The Sight Sign app was originally built for a specific scenario, and its feature set was very deliberate for a variety of reasons. You might feel that the app could be of interest to someone you know, but who might prefer to interact with the app in some other way. For example, perhaps the animating dot would continue along the ink stroke only while the mouse cursor is over the dot, or maybe you’d like ink to be dropped into the app in direct response to some particular form of input. The Sight Sign code is open source, and is waiting for you to experiment.
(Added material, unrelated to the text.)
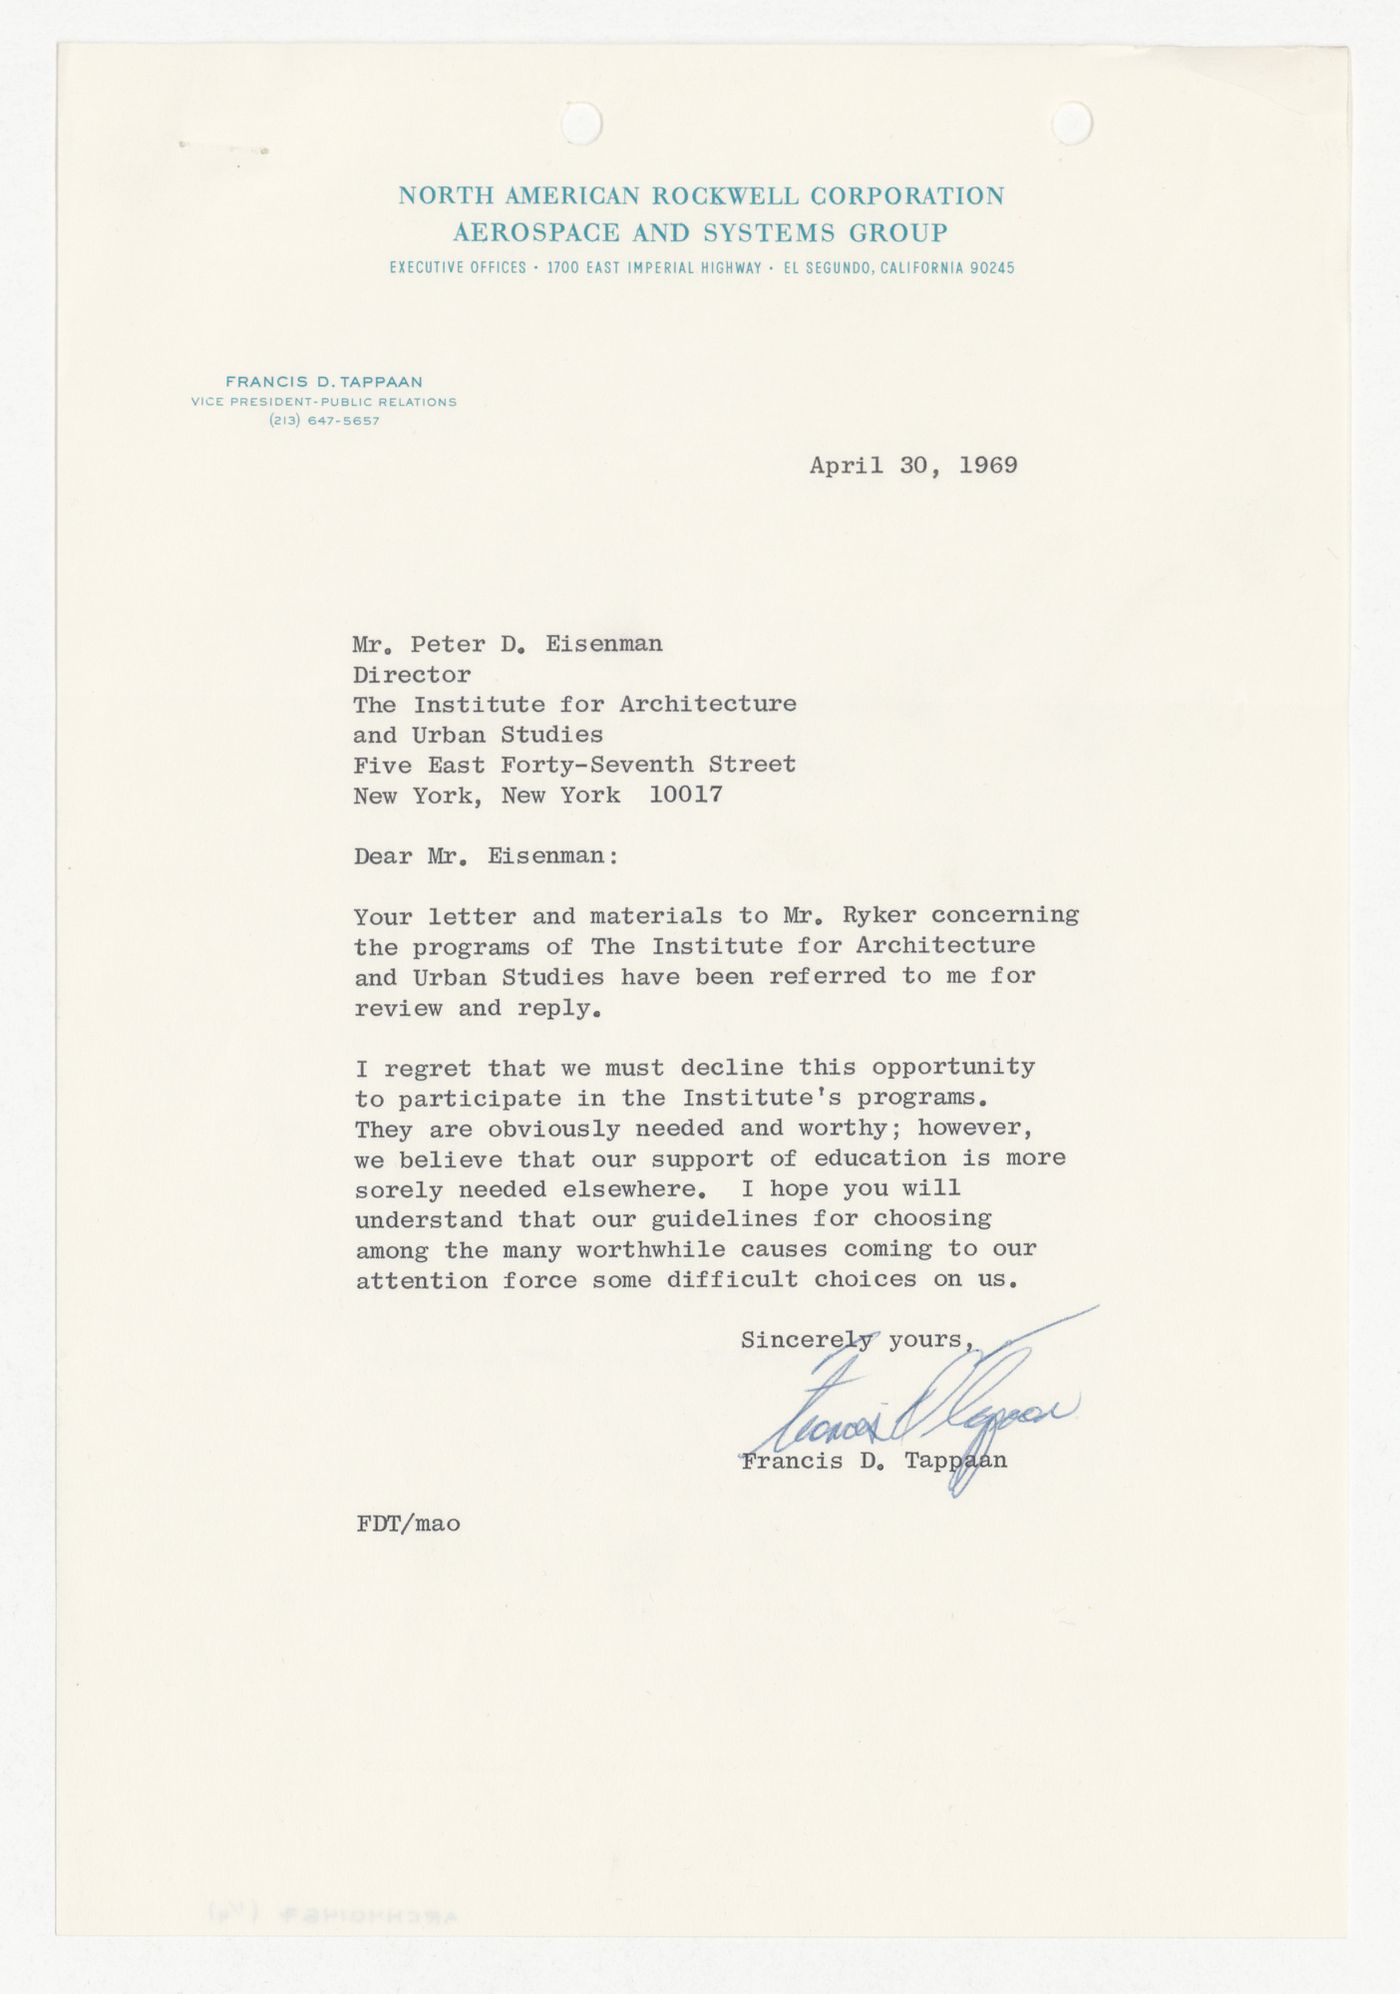 Letter from Francis D. Tappaan to Peter D. Eisenman responding to a donation request made by Eisenman with attached press release for a television special and copy of the original letter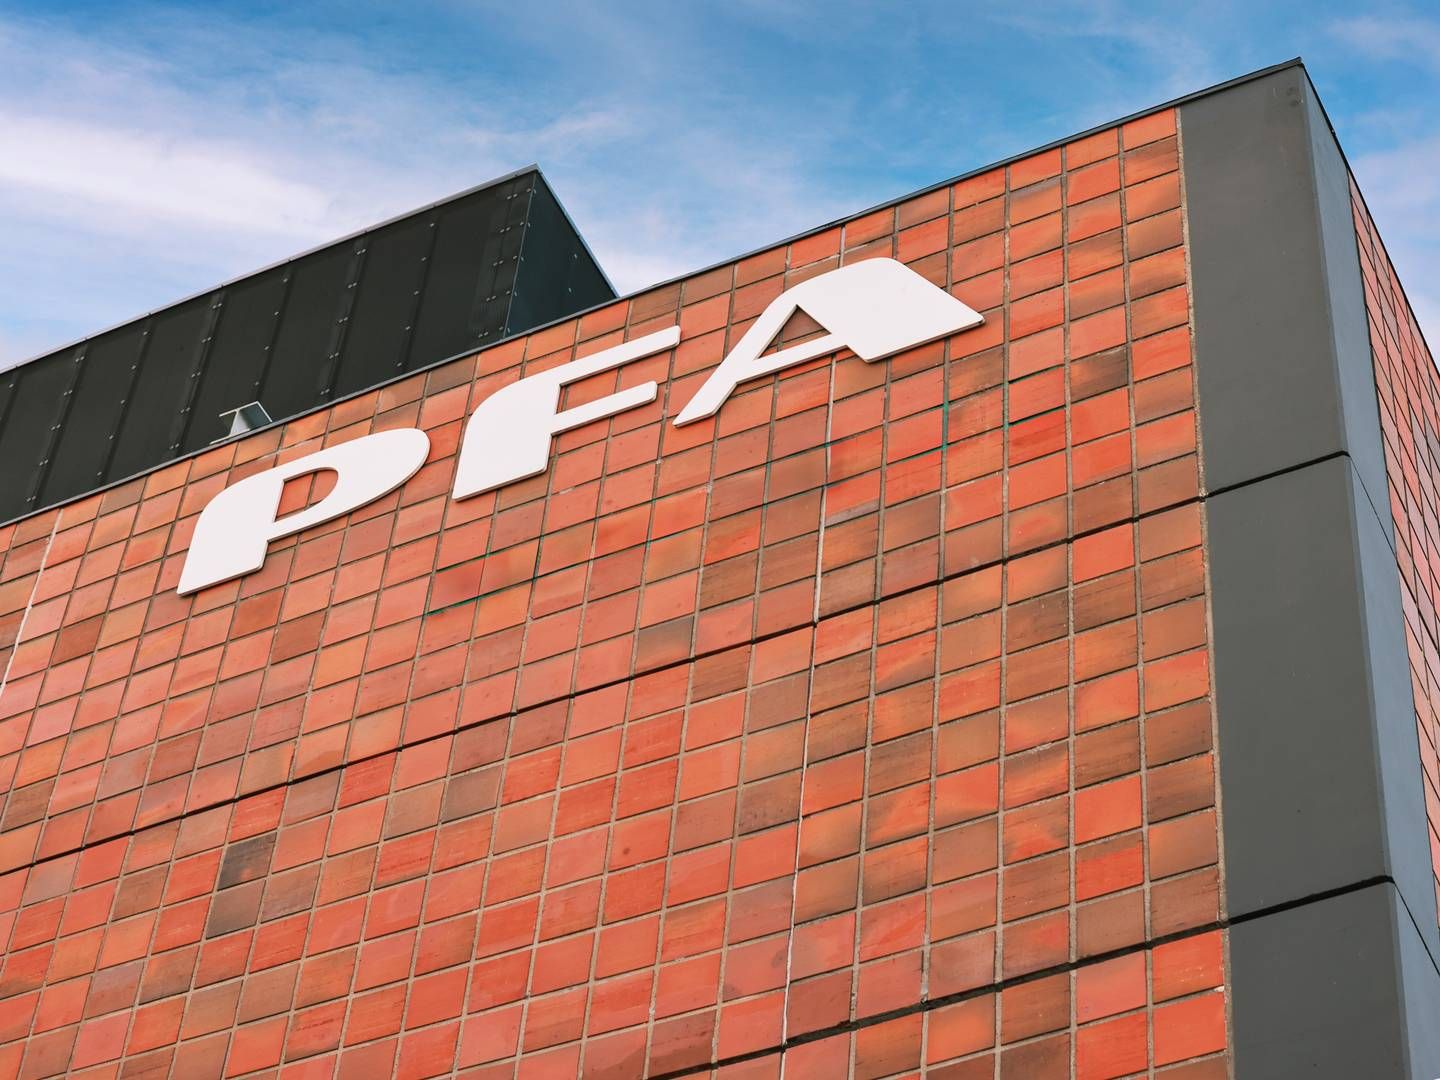 PFA's Head of Equities is stepping down after six years. | Photo: Pfa

A key point in all this is that the goal is not simply to generate a signature. After all, it might already be practical for the customer to have a “Print” button invoked in (say) Word, and out comes a signature from the printer. The aim here is to help provide as much involvement in the signing process as practical for the person using the app. The person may prefer to invoke a Stamp button to have the entire signature sent to the robot, or to keep the cursor over the dot as it’s tracing the signature, or to drop ink directly. The point is that the customer is in control.
So if someone near you finds it a challenge to write their signature, please do consider whether a system based on Sight Sign has potential to help. To enable a family member to actively participate in signing a birthday card, is a powerful thing.
Guy
Comments
- Anonymous
April 30, 2017
Could you please write a blog post about any UIA improvements in the Windows 10 Creators Update and all previous major versions of Win 10. I find it difficult to follow the changes to the UIA APIs, if any.